Lionel Jospin a officiellement installé, mercredi 11 avril, le Conseil stratégique des technologies de l’information (CSTI). Initiative du Comité interministériel pour la société de l’information (CISI) du 10 juillet 2000, « le CSTI est investi d’une mission de conseil du Premier ministre, auquel il peut adresser toute proposition dans le domaine des technologies de l’information et formuler des recommandations », rapporte le communiqué. Autrement dit, cet organisme sera chargé d’émettre des avis et des projets d’orientation sur les enjeux technologiques, de formation, d’information et de société. Avis que suivra ou non le gouvernement.
Le Conseil est constitué de 23 personnalités dont, en majorité, les dirigeants de grands groupes privés et publics (Alcatel, ARCO, Thomson, France Télécom, Ilog, Infogrames, Dassault Systèmes, Vivendi, La Poste…) ainsi que des représentants de start-up (LiberaFilms, Mandrakesoft, Aufeminin.com…) et des chercheurs ; il se réunira trois fois par an. Sous l’égide du Conseil Général des Technologies de l’Information (CGTI) présidé par Didier Lombard, la première réunion a été consacrée aux infrastructures et réseaux, aux applications et services, aux besoins en hommes et en spécialistes ainsi qu’à la recherche et au développement.
Des courants associatifs faiblement représentés
Parmi tous les membres, on pourra s’étonner de la faible représentativité des représentants des courants associatifs citoyens et « non-marchands ». Jacques Le Marois, président de Mandrakesoft et membre de l’Aful, l’association qui défend l’usage du logiciel libre, semble bien seul parmi les industriels et les chercheurs. « Cela ne m’étonne pas trop », relève Laurent Chemla, directeur de Gandi et membre du Gitoyen (voir édition du 16 février 2001). « D’abord parce que les membres des associations ont généralement un emploi du temps assez chargé, mais surtout parce qu’ils ne souhaitent pas légitimer, par leur présence, un organisme qui risque avant tout de servir à cautionner les orientations des industriels. Ce conseil est une façon très franco-française de légitimer les lobbies.
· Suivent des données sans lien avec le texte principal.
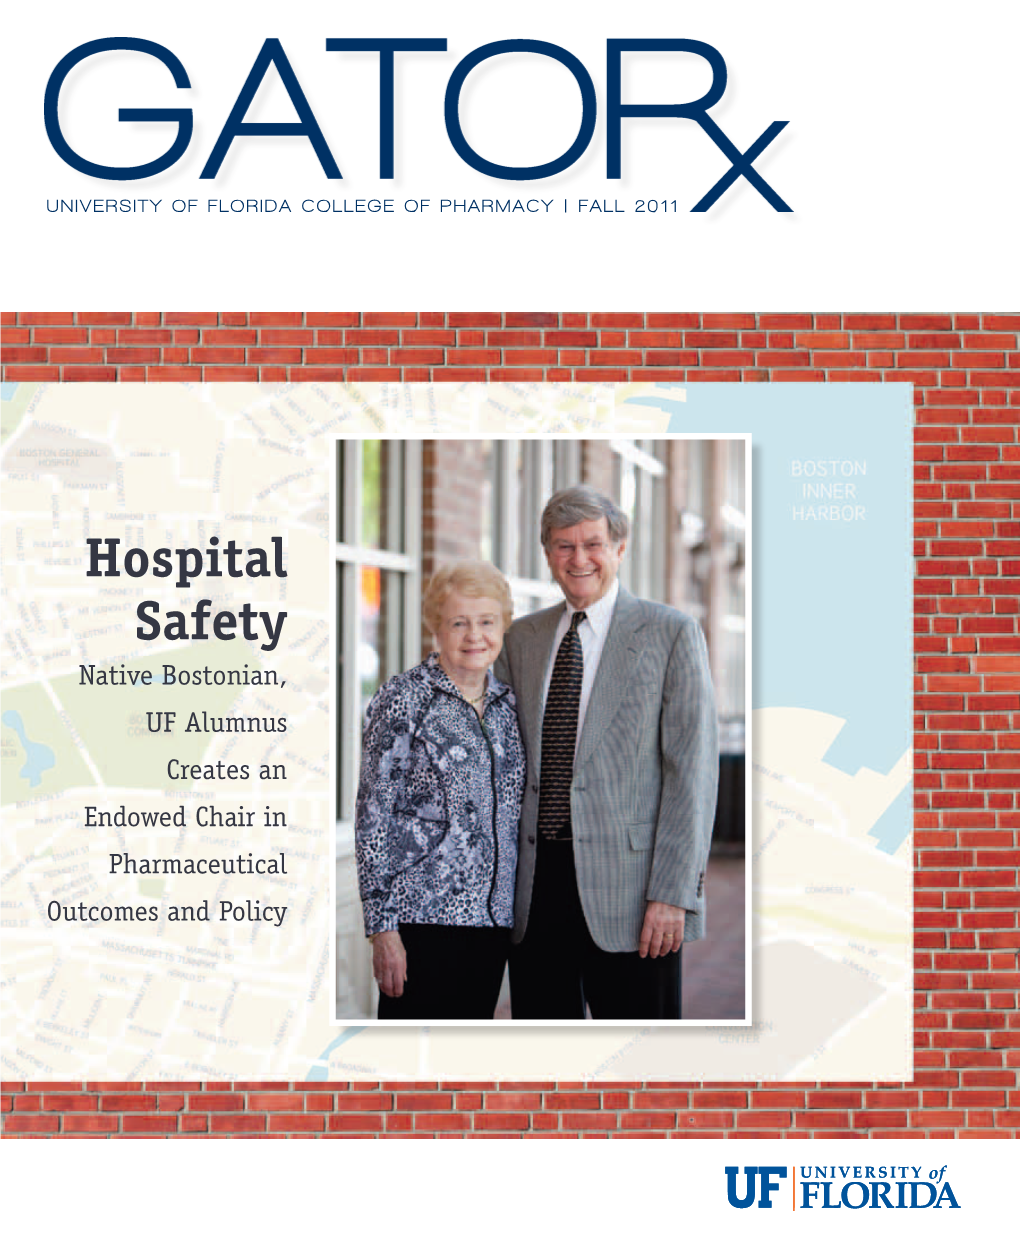 Hospital Safety Native Bostonian, UF Alumnus Creates an Endowed Chair in Pharmaceutical Outcomes and Policy from the Dean
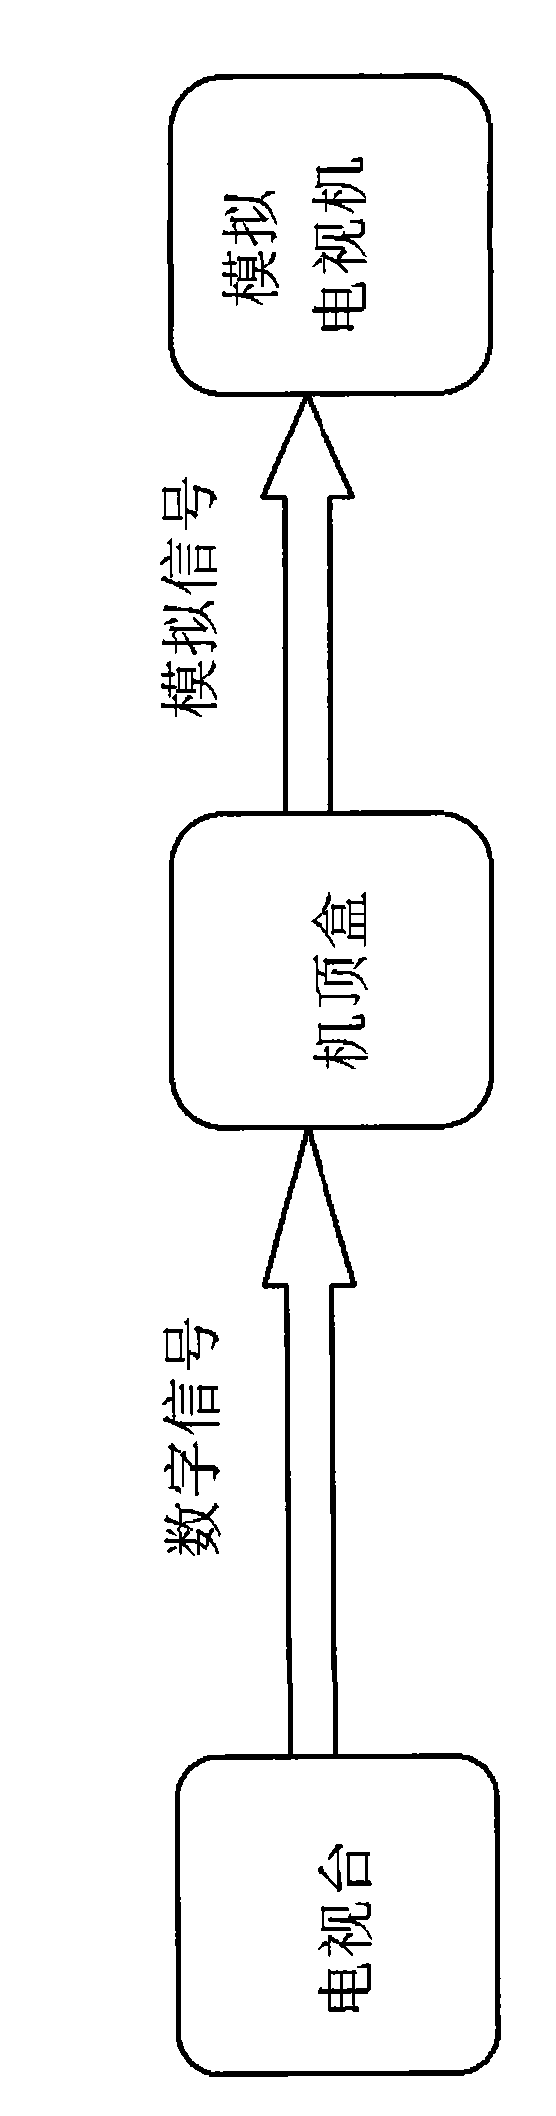 Multisystem digital television signal front end processing device and digital television broadcasting system

Et ce ne sont pas les associations citoyennes qui vont équilibrer le rapport de force. ». Laurent Chemla préfère lutter à coups de recours constitutionnels pour invalider une loi inadaptée. « Je ne dis pas qu’il ne sortira que des mauvaises choses de ce conseil, mais je constate qu’Internet fait peur. » Peur aux industriels qui voient leur modèle déstabilisé par la suppression des intermédiaires qu’induit le fonctionnement du réseau peur au gouvernement qui perd le contrôle de son rôle de représentant officiel de la voix citoyenne. « Le gouvernement censé représenter les citoyens représente, de fait, de plus en plus les industriels », accuse Laurent Chemla.
Moins radical, Stéphane Fermigier, président de l’Aful, se satisfait de la présence d’un représentant de son association même si « Mandrakesoft est avant tout une entreprise à vocation économique », précise-t-il. « Il y a toujours matière à débat sur les choix technologiques et l’absence d’un représentant du libre serait regrettable. » A l’heure où nous écrivons ces lignes, nous n’avons pas réussi à joindre un porte-parole officiel du CSTI. Il nous est donc, pour le moment, impossible d’avoir leur avis sur la question de l’intérêt de cet organisme, ni sur le mode de sélection des membres et les fréquences éventuelles de renouvellement du bureau. A suivre, donc.